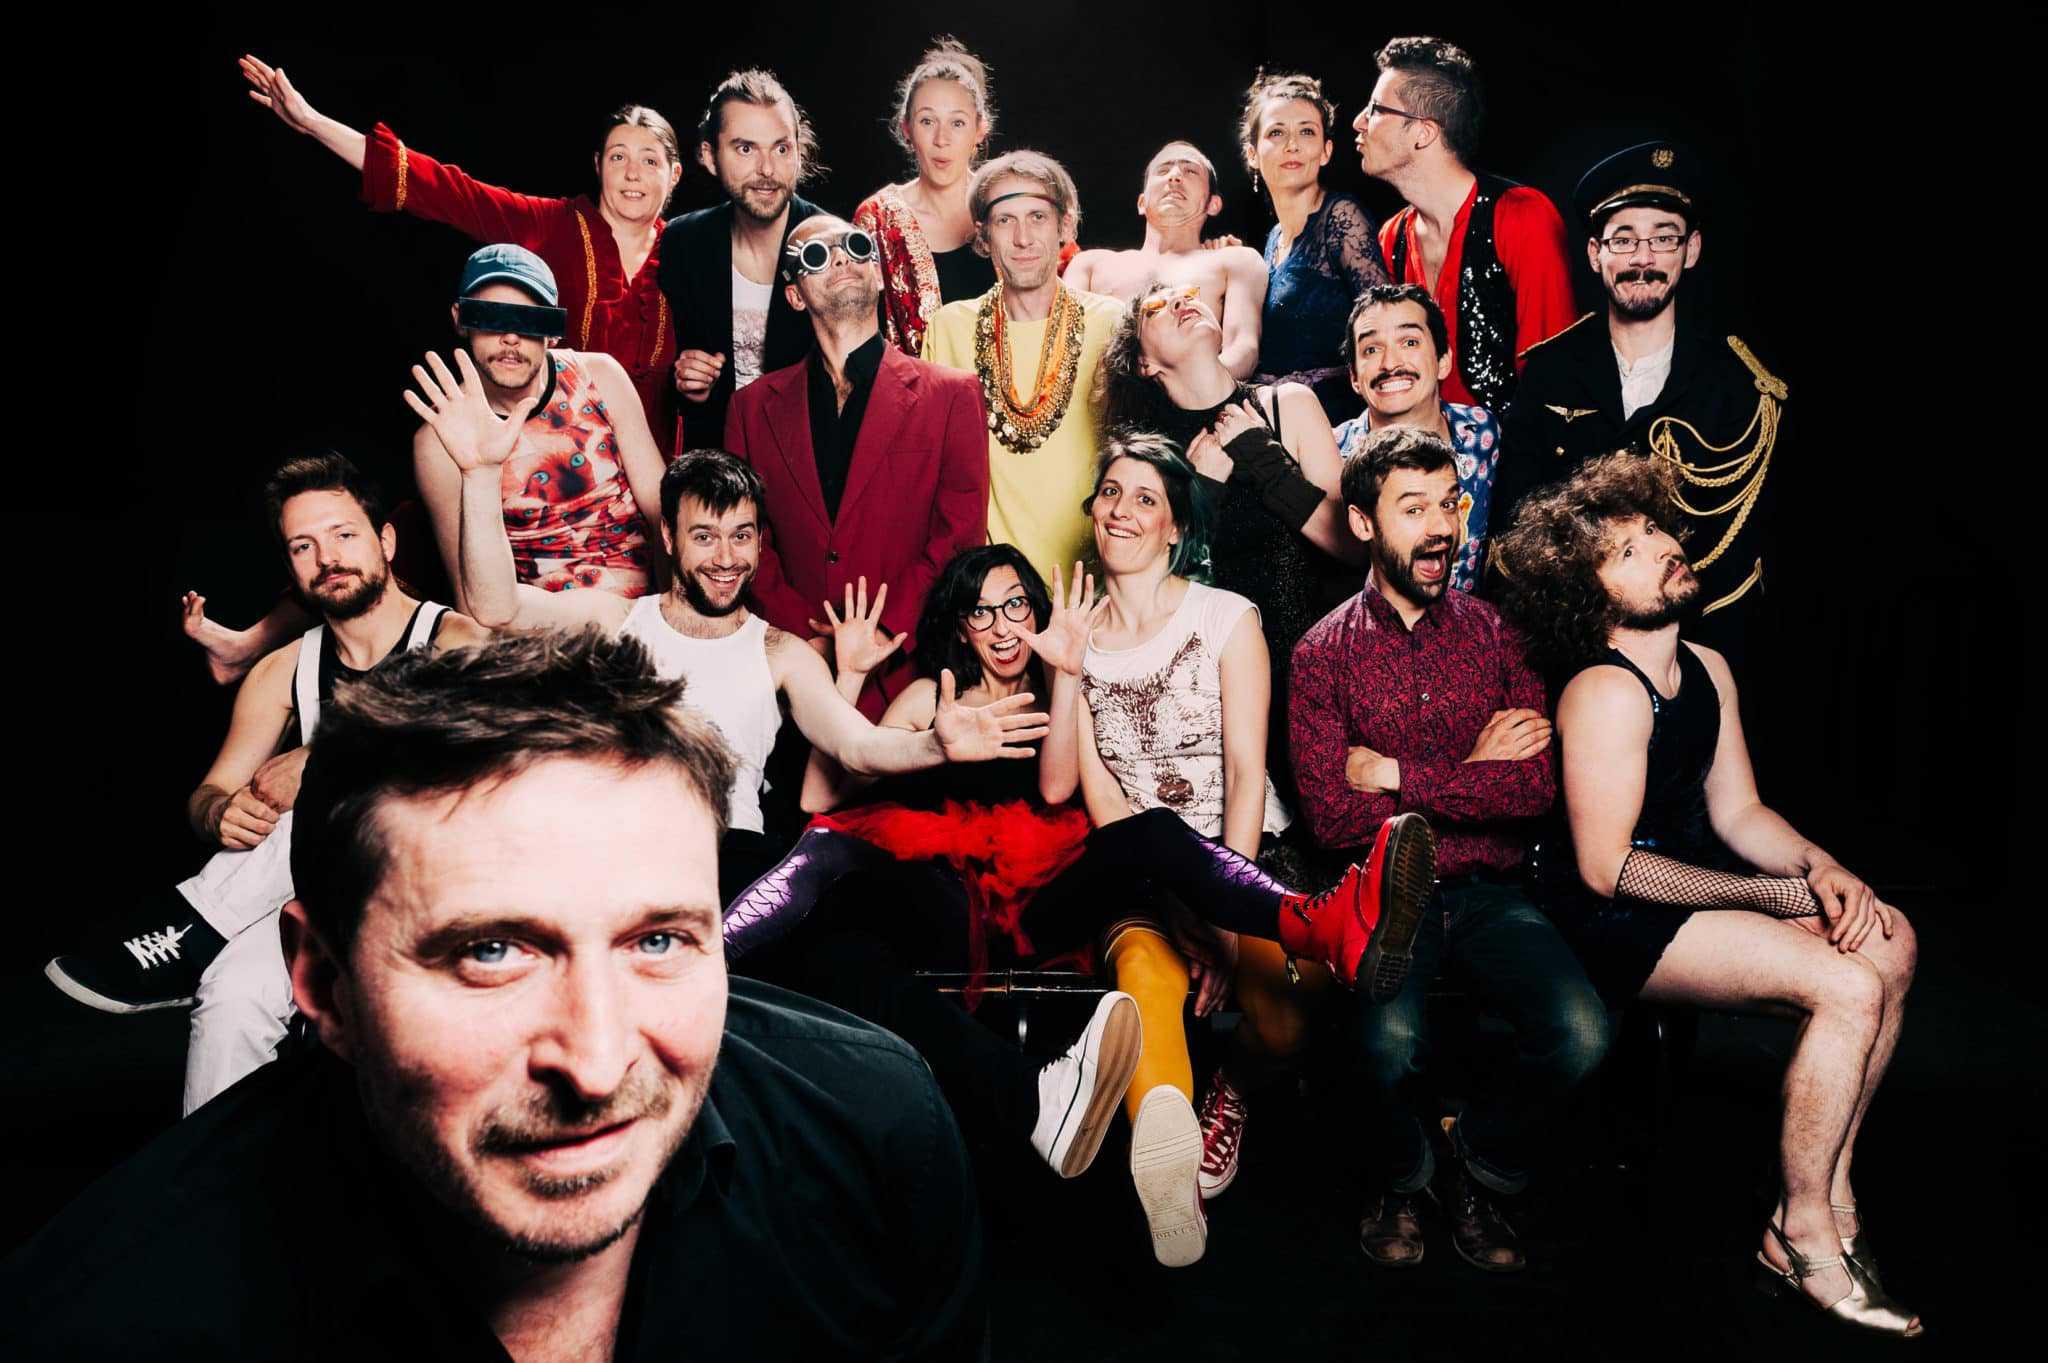 Loic Lantoine & The Very Big Experimental Toubifri Orchestra
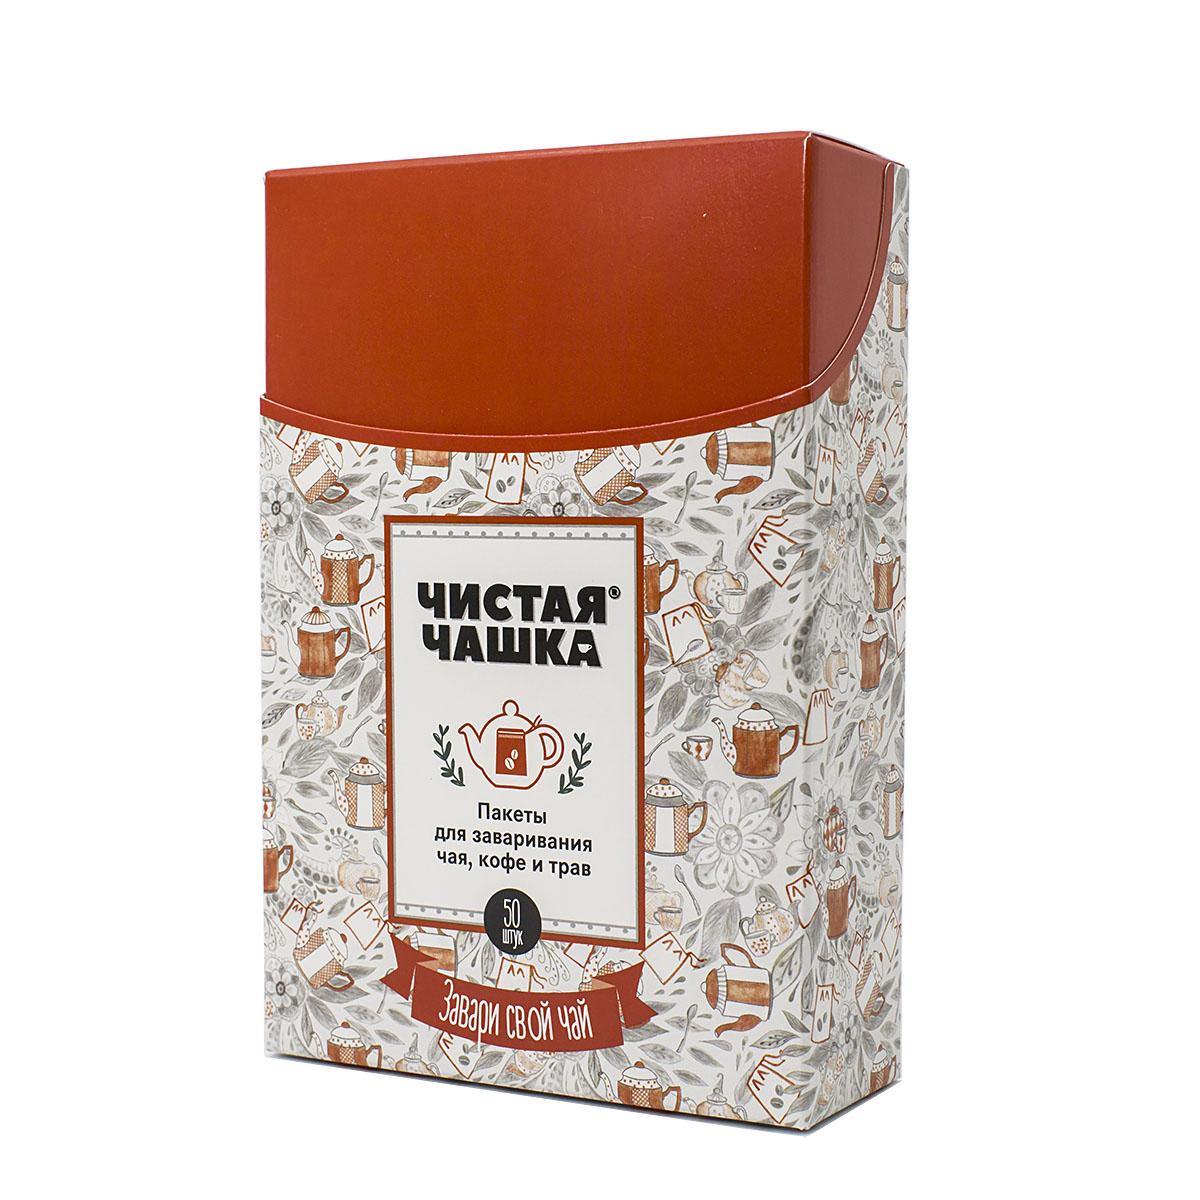 цена на Пакеты для заваривания чая, кофе, трав Чистая чашка, 10х13 см, 50 шт
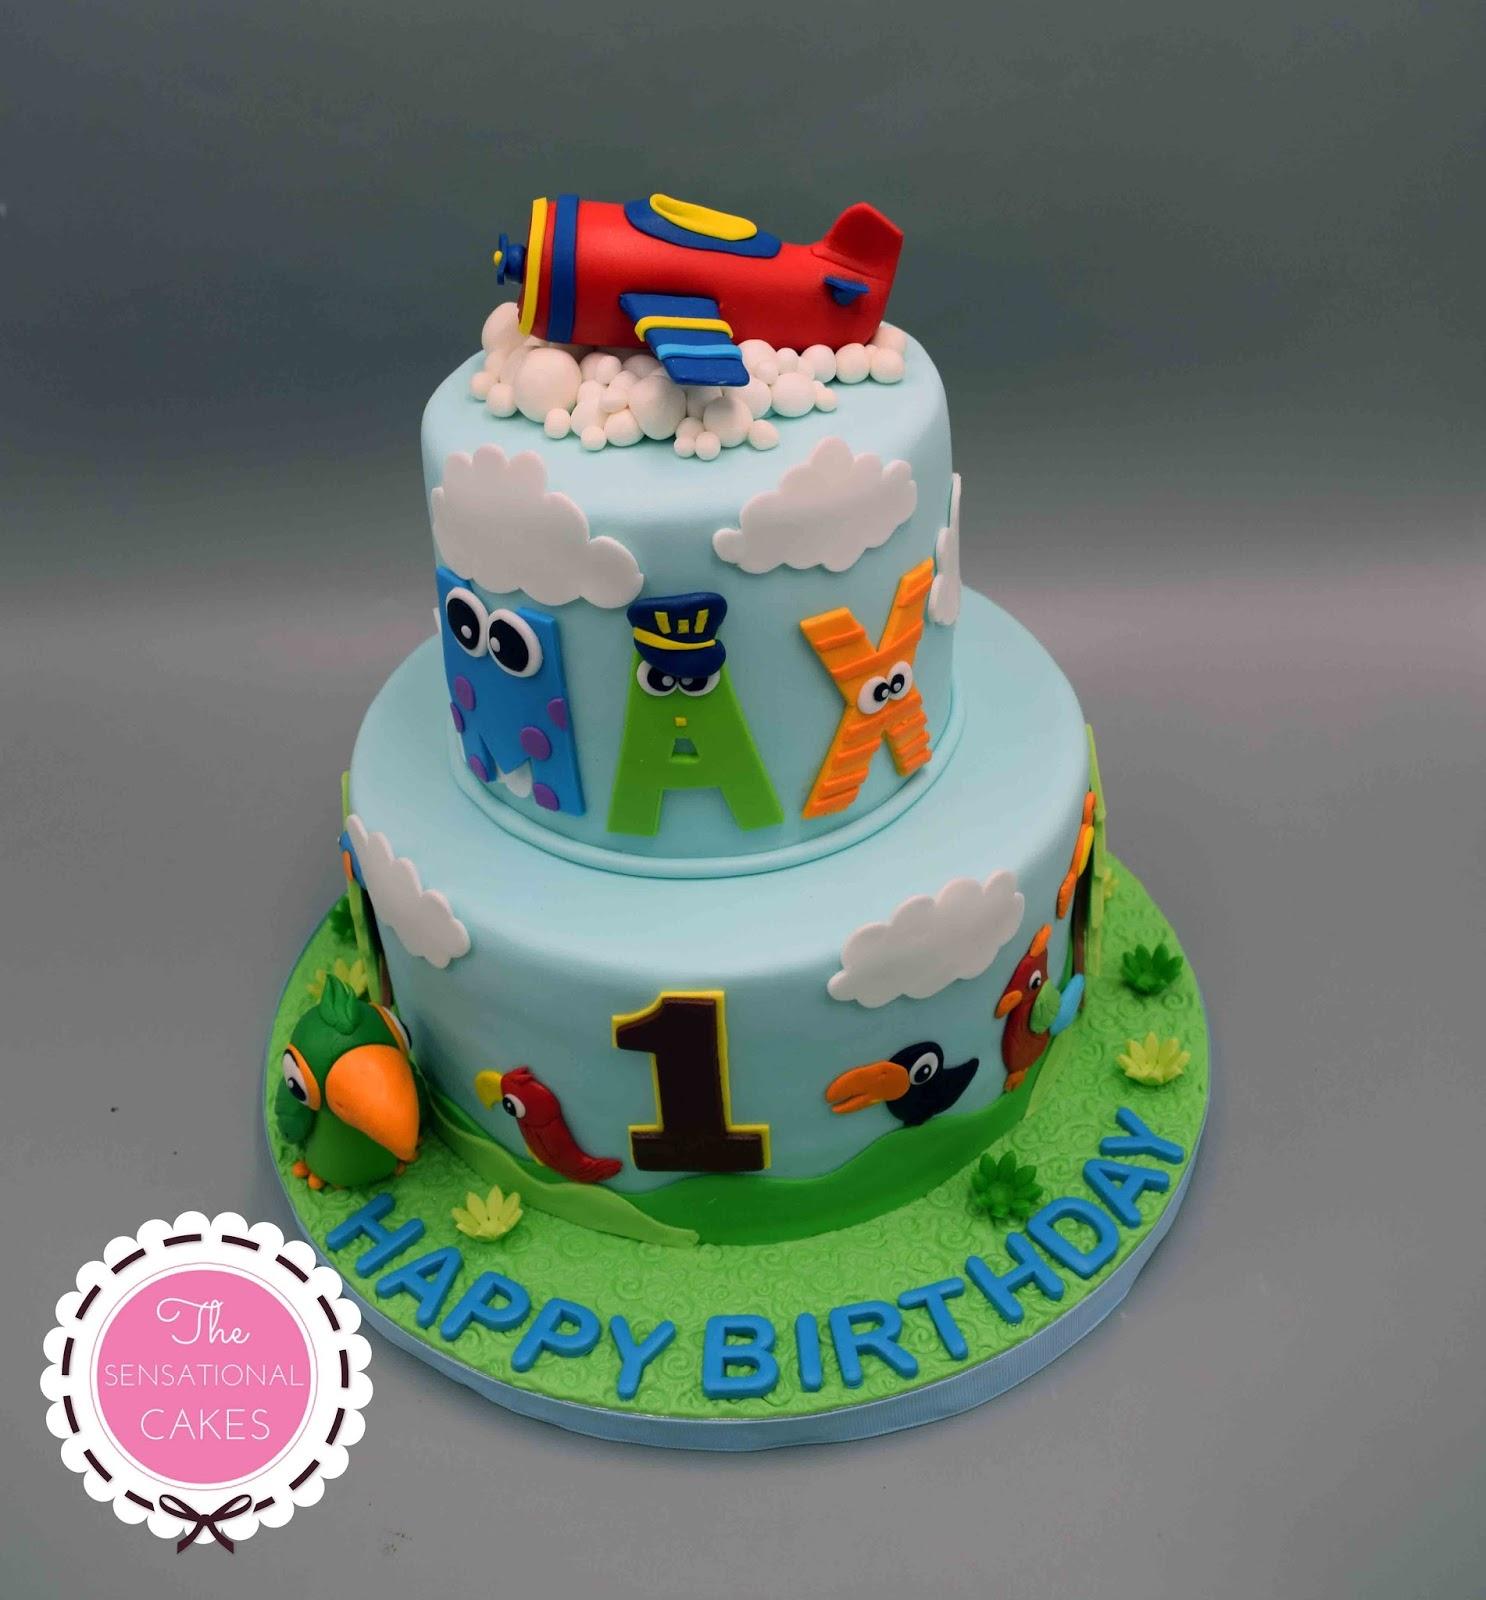 Swell The Sensational Cakes Airplane Theme Baby 1St Birthday 3D Cake Funny Birthday Cards Online Alyptdamsfinfo

• • •

[PROBLEM DETAILS] Copy out the data verbatim, excluding the pictures.

[RESULT]
 Loic Lantoine & The Very Big Experimental Toubifri Orchestra
 цена на Пакеты для заваривания чая, кофе, трав Чистая чашка, 10х13 см, 50 шт
 Swell The Sensational Cakes Airplane Theme Baby 1St Birthday 3D Cake Funny Birthday Cards Online Alyptdamsfinfo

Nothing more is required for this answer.